• _Data section_

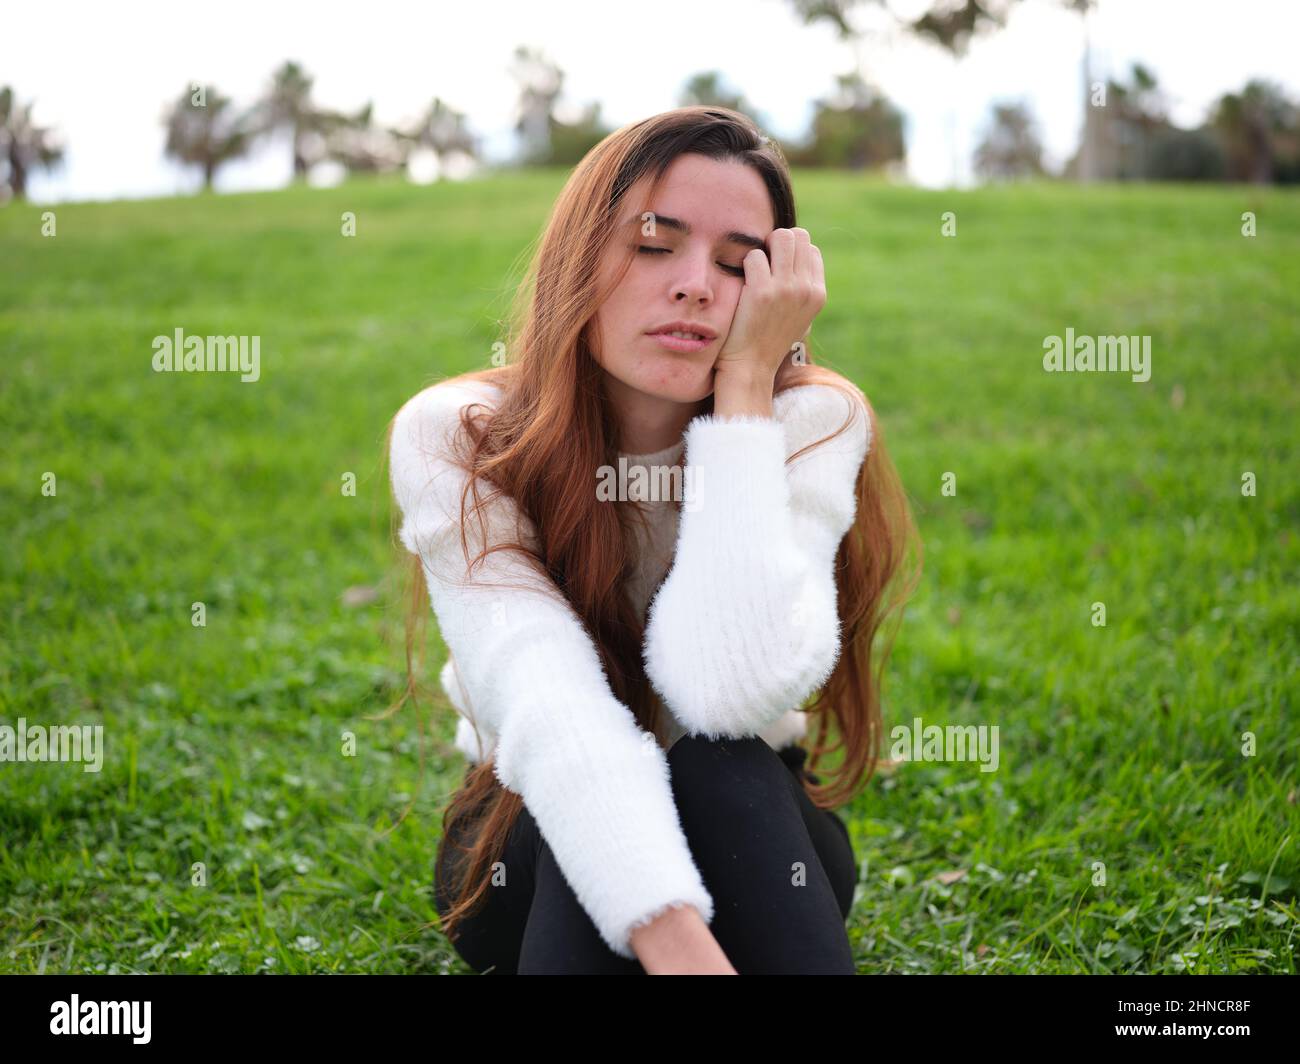 Eine junge Frau im Park sitzt auf dem Gras, mit einer Hand auf ihrem Gesicht und schläft ein. Stockfoto
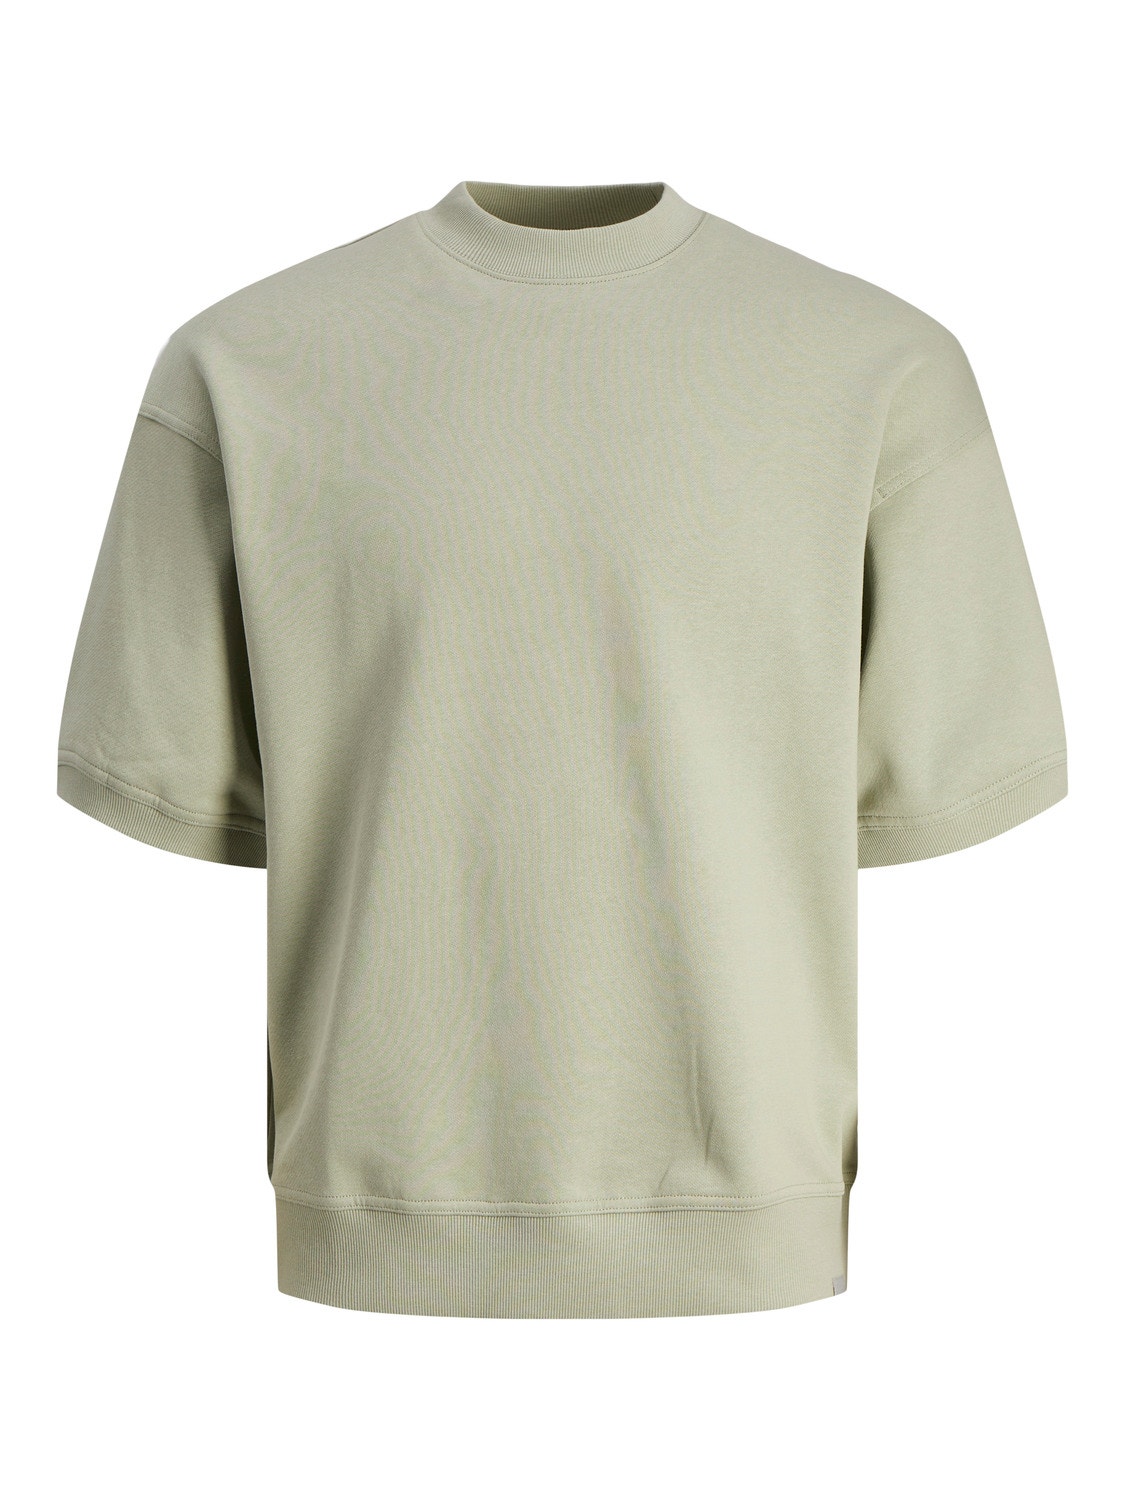 Jack & Jones Plain Crew neck Sweatshirt -Desert Sage - 12255219
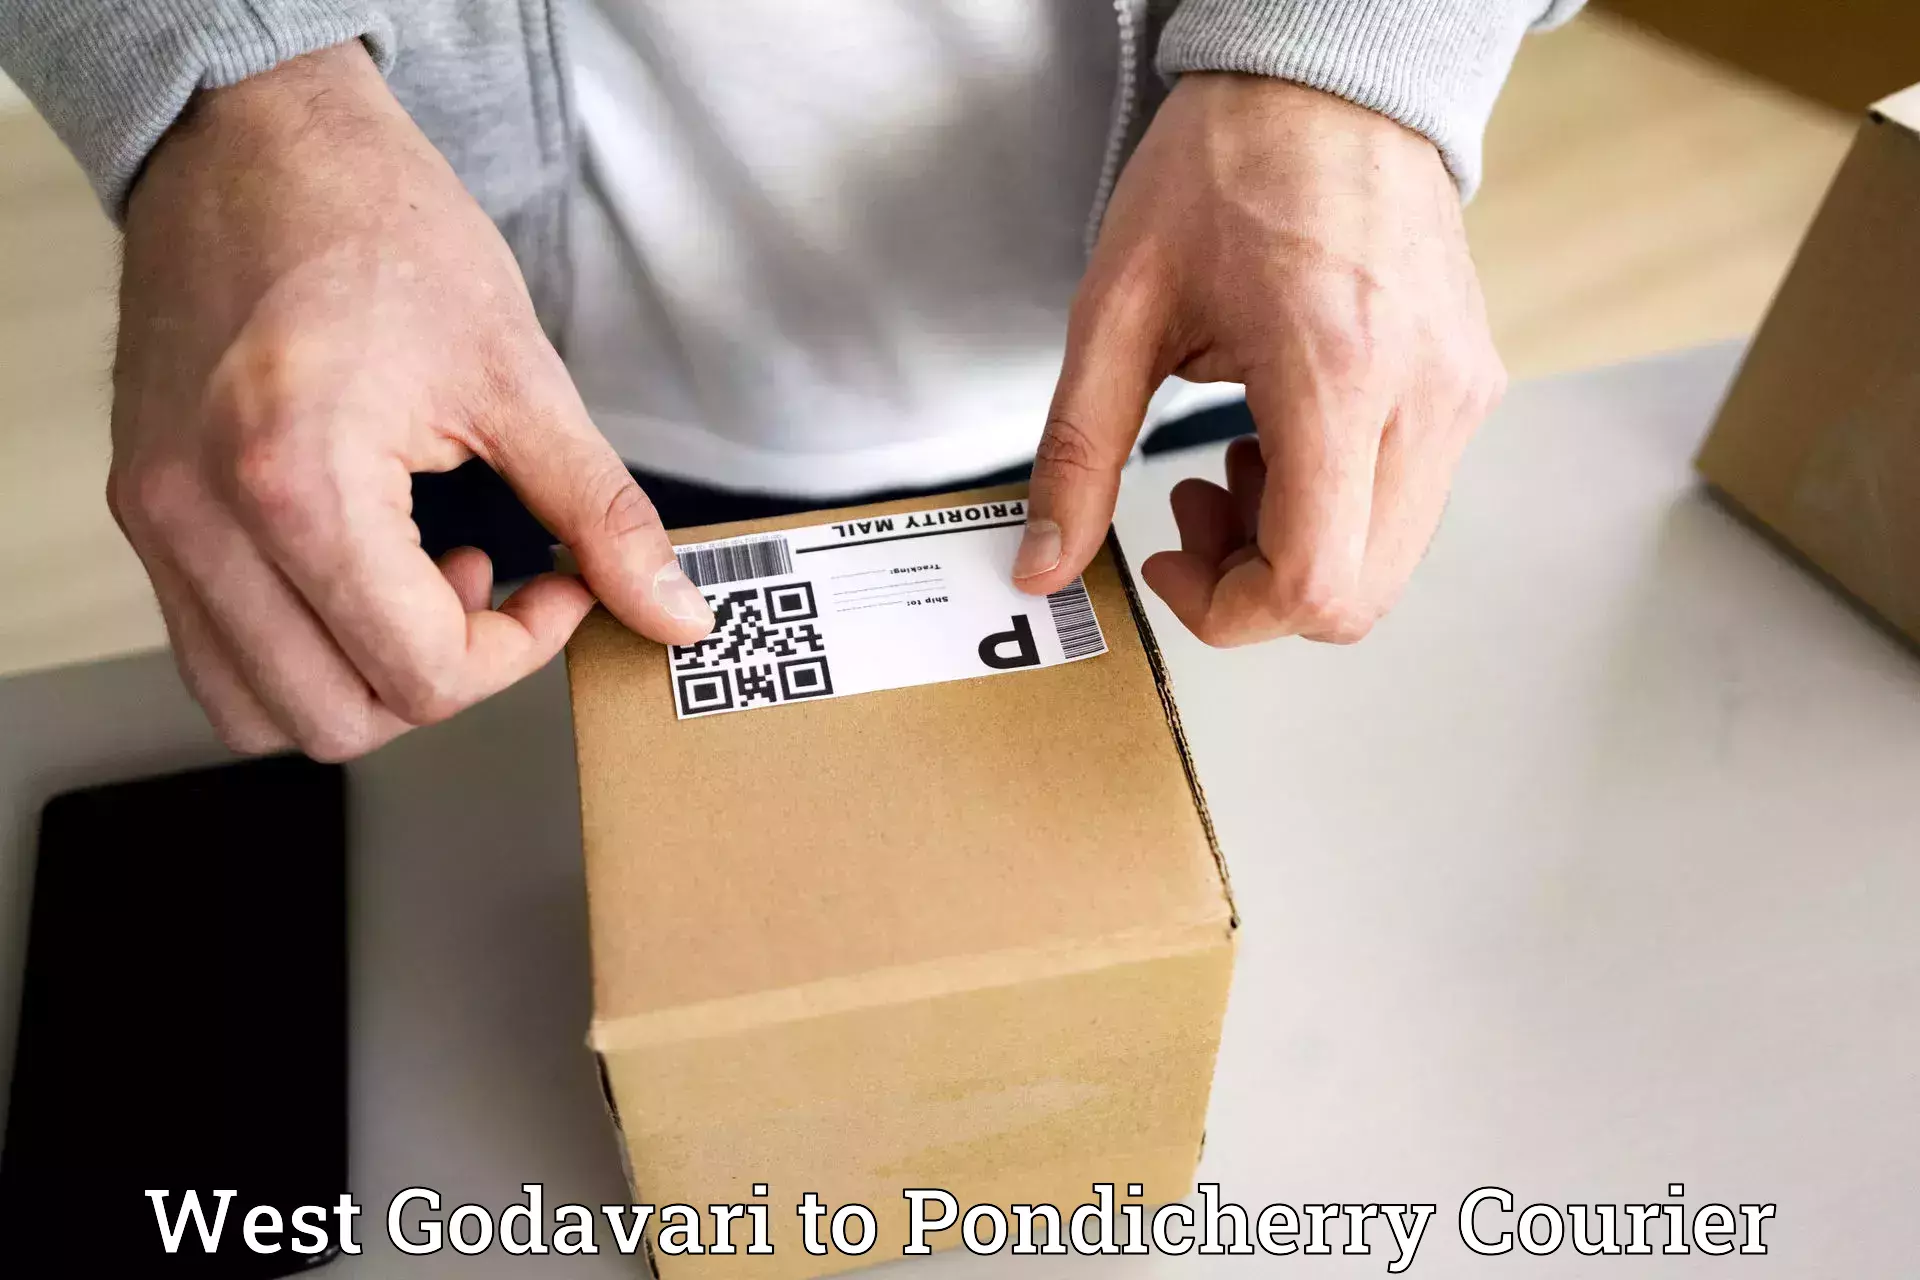 Customer-centric shipping West Godavari to Pondicherry

• _Prompt_
Retype the data above exactly, dropping every picture.

• _Response below_
 Eine junge Frau im Park sitzt auf dem Gras, mit einer Hand auf ihrem Gesicht und schläft ein. Stockfoto
 Jack & Jones Plain Crew neck Sweatshirt -Desert Sage - 12255219
 Customer-centric shipping West Godavari to Pondicherry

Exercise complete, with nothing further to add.